(Не) мой профессор
Шрифт:
– Мам! Ну какой Пётр Владимирович?!
– я неловко попыталась скрыть раздражение.
– Ему шестьдесят восемь скоро! И он опять затопил мне кухню, потому что у него засорилась раковина, и он не заметил, что вода льётся на пол...
– Людмила, избавь меня от подробностей вашей коммунальной жизни, - голос матери зазвучал строже.
– Зря ты, конечно... Ты даже не представляешь, что с мужчиной способна сотворить молодая женщина...
– Я не молодая, мам!
– Для него молодая!
– в её тоне послышался металл.
– Ты никогда мать не слушаешь!
– она тоже терпеливо выдохнула, сменила интонацию.
– Ну да ладно, дело твоё. Валерия как?
–
– Сейчас завтракать будем...
– Яйца на завтрак приготовь - они полезны. Желательно салат с зеленью и отрубями сделай. И овсянку свари - хоть силы будут. И кофе меньше пей, слышишь меня?
– Конечно слышу, мам...
– я щедрой рукой насыпала две ложки растворимого кофе в чашку и залила кипятком. Достала из хлебницы батон и полезла в холодильник за копчёной колбасой.
– Долго это всё готовить...
– А ты куда спешишь-то? Жить надо здесь и сейчас, а не откладывать на потом...
– Ой, мам... Всё, мне некогда, Лера вон идёт...
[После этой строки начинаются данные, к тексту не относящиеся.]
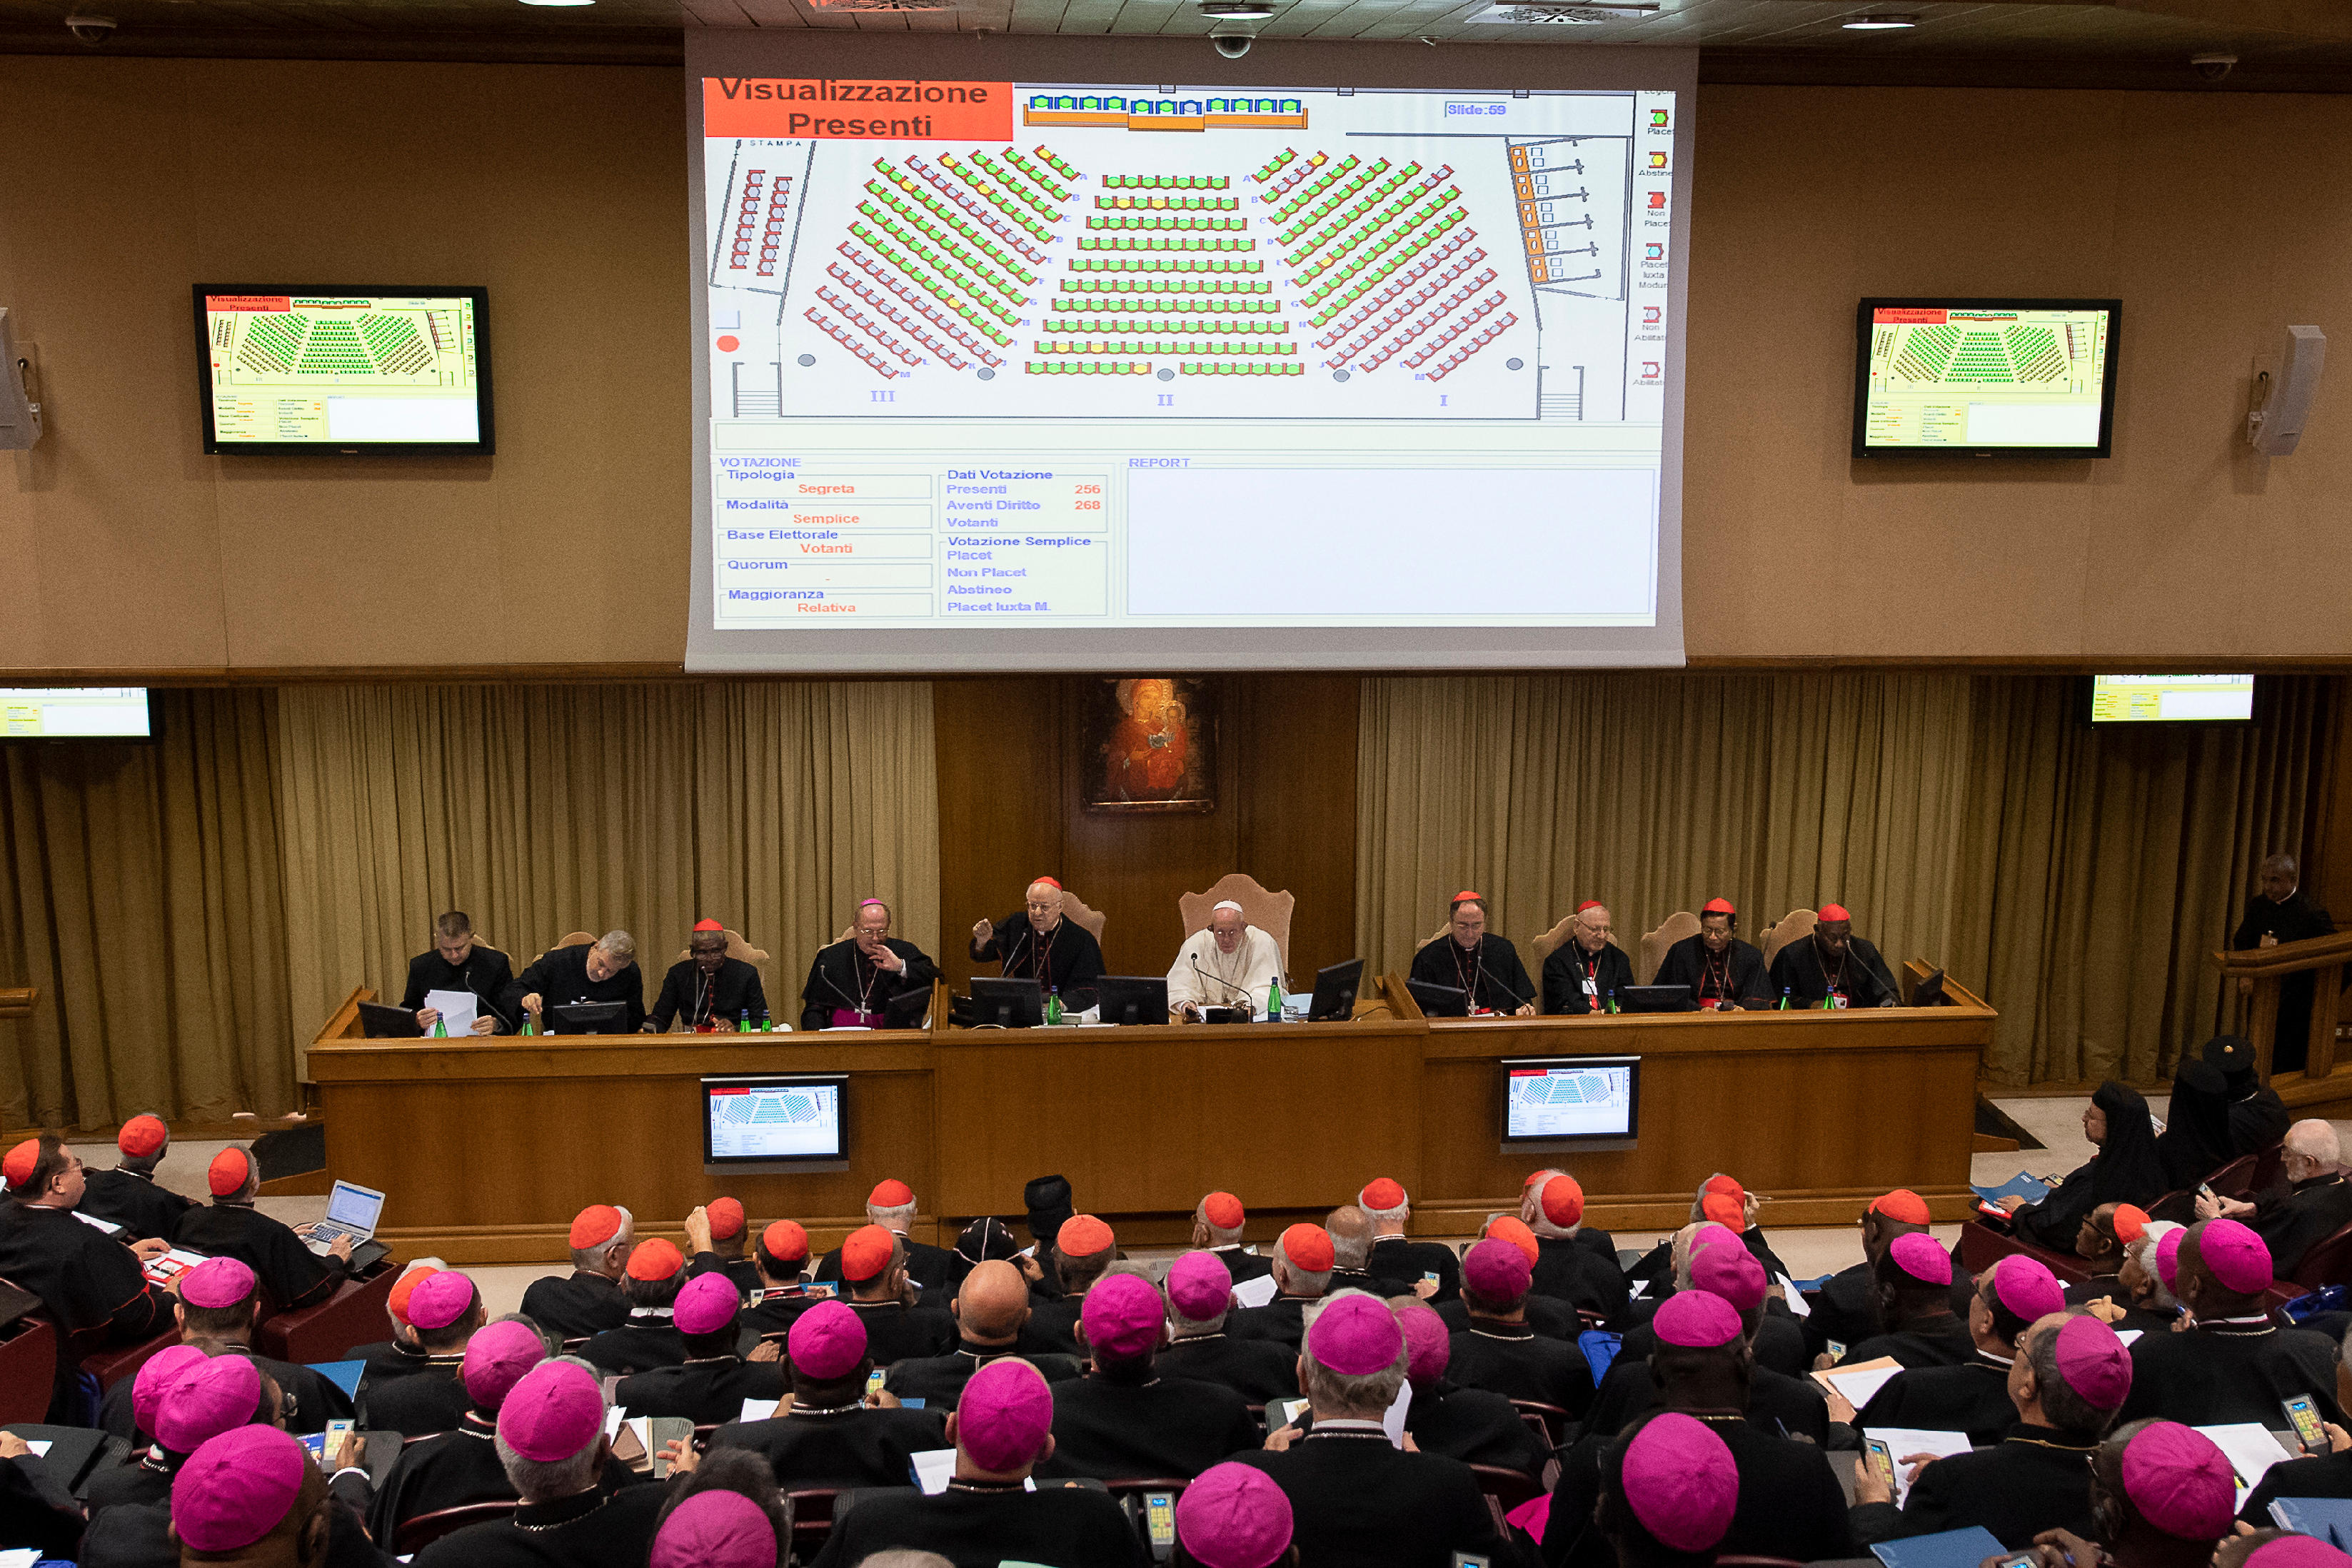 Pope chooses 'synodality' as next synod theme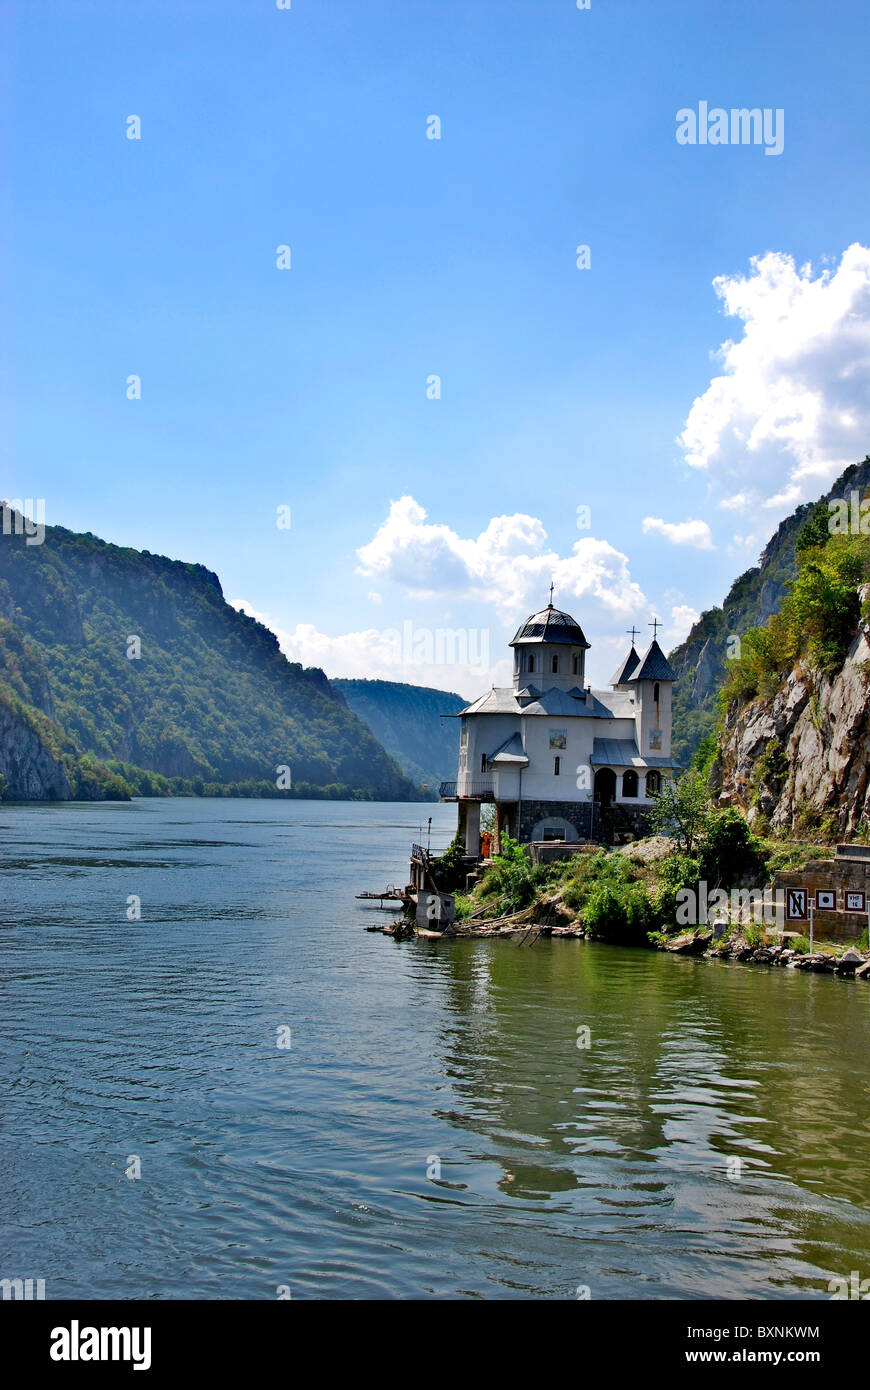 The Monastery Mraconia in the Little Cazan Gorge on the Danube River in the Iron Gate (founded 1453) Stock Photo

– Привет ей от бабули передай!
– Обязательно! Пока!
– я нажала отбой.
Глубоко вздохнула, тихо ненавидя себя за то, что сейчас на столе не овсянка с салатом и зеленью, а бутерброды из зачерствевшего батона и заветренного хвостика краковской. Мама всегда была такой - строгая, уверенная в себе, хозяйственная. Она прекрасно умела рассчитывать деньги, и даже когда у нас случались трудные времена, мама умудрялась без проблем протянуть от аванса до зарплаты, при этом отложить некоторую сумму мне на новое платьице, приобрести в киоске какую-нибудь книгу и не забыть купить себе помаду или лак для ногтей. Она и меня пыталась воспитать такой же, но... Что-то явно пошло не так. Впрочем, общего у нас тоже достаточно - меня также бросил жених сразу после того, как я забеременела. А сейчас вот Лерке восемнадцать, и мы обе держим за спиной скрещенные пальцы...
***
Древний Опель, пропитавшийся дождливой сыростью и промёрзший за ночь, завёлся лишь с пятого раза. Дочь брезгливо морщилась, дожидаясь, пока я смогу наконец разогреть двигатель - для неё наш автомобиль был и остаётся семейным позором. А я в свою очередь просто рада тому, что у нас есть хоть какое-то средство передвижения. Пусть оно и досталось мне от матери - двадцать лет назад мама просто не смогла продать эту рухлядь, и машина медленно превращалась в труху, застряв под окнами её квартиры. И когда я предложила забрать ненужный ей автомобиль, ибо сама родительница на тот момент уже вовсю разъезжала на новеньком Пежо, мать с радостью избавилась от своей купленной когда-то с рук за бесценок машины, даже на свои деньги частично вдохнула жизнь в проржавевший мотор... Конечно, теперь мне приходится регулярно самой тратиться на то и дело ломающиеся запчасти, но это всяко лучше, чем ездить общественным транспортом. Жаль, Лера этого не понимает...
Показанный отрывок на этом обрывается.